A culpada disso era Lily, é claro. Lily que, no último verão, passara quinze dias em sua casa e levara uma caixa de fitas gravadas com suas músicas favoritas. Elas passavam horas jogadas na cama, conversando enquanto a música rolava ao fundo, de vez em quando sendo interrompida por um ruído causado por alguma falha na gravação. Quando não estavam fazendo isso, estavam pedalando pela cidade ou esticadas na areia, aproveitando o sol quando este decidia aparecer. No final do dia, Mary estava bronzeada e Lily, queimada, com mais sardas aparecendo em seu nariz e em seus ombros, seus cabelos molhados e os olhos cansados pelas horas aproveitando o verão.

Depois que a amiga fora embora, de volta para os arredores de Londres, sob o céu nublado e a fuligem do bairro onde morava com os pais e a irmã, Mary não conseguia colocar aquelas fitas para tocar sem se lembrar dela.

Toda vez que Jolene ecoava do toca-fitas, a imagem de Lily dançando no píer voltava à sua mente: o jeito como os cabelos ruivos, um pouco desbotados pelo sol, brilhavam de um jeito bonito sob a luz alaranjada do final da tarde e como os olhos verdes ficavam mais claros depois de um dia inteiro no sol. Rhiannon era o som de seu quarto, envolvido na luz desfocada do seu abajur, enquanto Lily arrumava o seu cabelo e ria, seus dedos puxando com cuidado os cachos morenos para fazer algum penteado. Born to Be Wild era o borrão laranja do cabelo da amiga quando ela soltava os pedais da bicicleta e descia ladeira abaixo em alguma alameda de Southwold.

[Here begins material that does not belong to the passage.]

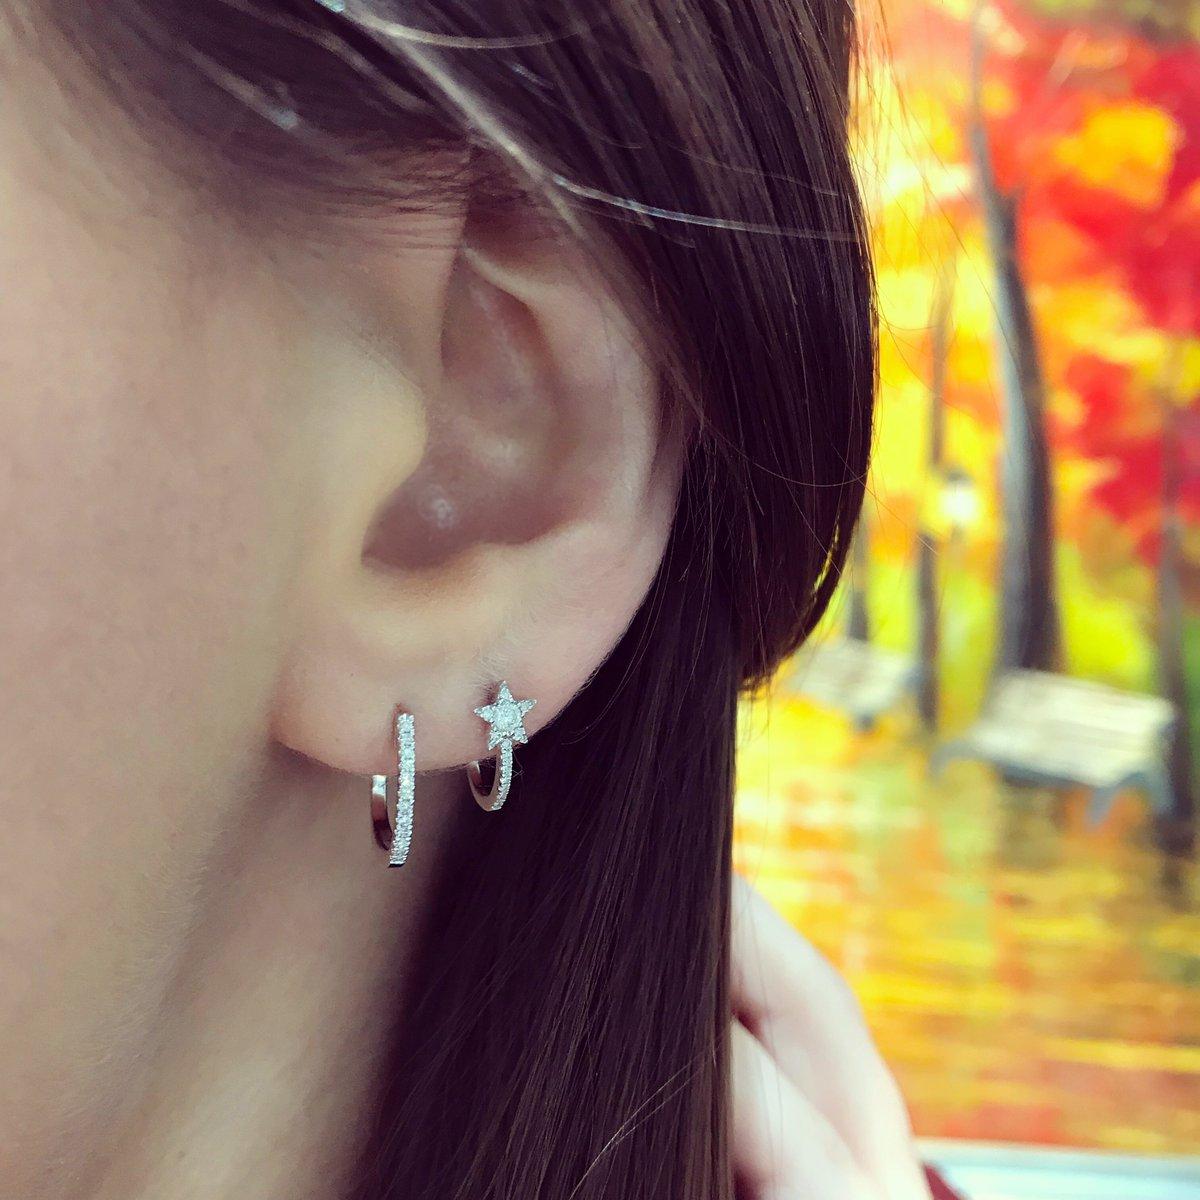 a12ad6b39 #diamonds #wish #jewelry #LOVE #huggiehoops #earrings #fashion  #stylepic.twitter.com/5pTyRmoBZE

Cada música era um momento do verão e Mary MacDonald acreditava que podia dizer que aquele fora o melhor verão que tivera em anos. Foram quinze dias banhados por sol, água salgada, pomada para queimadura e o perfume doce de Lily. Quatorze noites conversando até o sono chegar, com a estática do rádio ao fundo e com o corpo da ruiva ao lado do seu quando elas pegavam no sono. Quinze manhãs acordando e sentindo-se estranhamente feliz de ver a amiga ao seu lado, rindo quando a via balbuciar alguma coisa desconexa, ainda sonolenta, com os cabelos ruivos uma bagunça de nós.

Quando o calor do verão se dissipou e o ar fresco do outono voltou, Mary mal podia esperar para ver Lily. Era o último ano delas em Hogwarts e todas as conversas que tiveram durante o verão indicavam que o plano delas de dividirem um apartamento em Londres, depois do colégio, iria se concretizar. Ela não podia estar mais feliz de imaginar-se repetindo aqueles deliciosos dias de verão, mas agora durante as outras estações.

Mas então os olhos de Lily encontraram James Potter no Expresso de Hogwarts e Mary notou que havia algo diferente. Talvez fosse porque o garoto não tentou chamá-la para sair e apenas a cumprimentou, educado, ou talvez fosse por conta do sorriso pequenino que curvou os lábios da amiga. MacDonald ignorou e encontrou um compartimento para elas passarem o resto da viagem conversando.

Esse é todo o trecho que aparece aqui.